We understand that you are investigating the targeted advertising service offered by Phorm through co-operation agreements with BT, Talk Talk, Virgin Media and other Internet Service Providers.

The provision of this service depends on classifying Internet users to enable advertising to be targeted on their interests. Their interests are to be ascertained for this purpose by scanning and analysing the content of traffic between users and the websites they visit.

This activity involves the processing of personal data about Internet users. That data may include sensitive personal data, because it will include the search terms entered by users into search engines, and these can easily reveal information about such matters as political opinions, sexual proclivities, religious views, and health.

Users are apparently to be allocated pseudonyms for some of the processing, but at various processing stages the personal data can be linked to the pseudonym, the pseudonym can be linked to the IP address used, and the IP address can be linked to the user.
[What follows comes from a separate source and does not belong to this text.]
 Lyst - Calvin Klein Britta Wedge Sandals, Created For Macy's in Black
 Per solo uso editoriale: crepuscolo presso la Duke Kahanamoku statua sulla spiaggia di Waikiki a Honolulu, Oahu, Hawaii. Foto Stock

Although we understand that this linkage will not be standard operating practice, it can nevertheless be performed.

Many users will also be identifiable from the content of the data scanned, since it will include email sent or retrieved by users of web-based email, and messages viewable by those authorised to gain access to individual pages of social networking sites.

Although some web-based email systems operate using "https:" end-to-end encryption, which would prevent interception, this is far from ubiquitous. It might be possible for Phorm to configure the service to exclude a handful of the more high-profile web-mail and social networking systems. But there are no available methods of detecting the tens or perhaps hundreds of thousands of other, low usage, often semi-private systems which currently provide web-mail or social networking in chat rooms or similar environments.

Classification by scanning in this way seems to us to be highly intrusive. We think that it should not be undertaken without explicit consent from users who have been given particularly clear information about what is liable to be scanned. Users should have to opt in to such a system, not merely be given an opportunity to opt out. We believe this is also required under European data protection law; failure to establish a clear and transparent "opt-in" system is likely to render the entire process illegal and open to challenge in UK and European courts.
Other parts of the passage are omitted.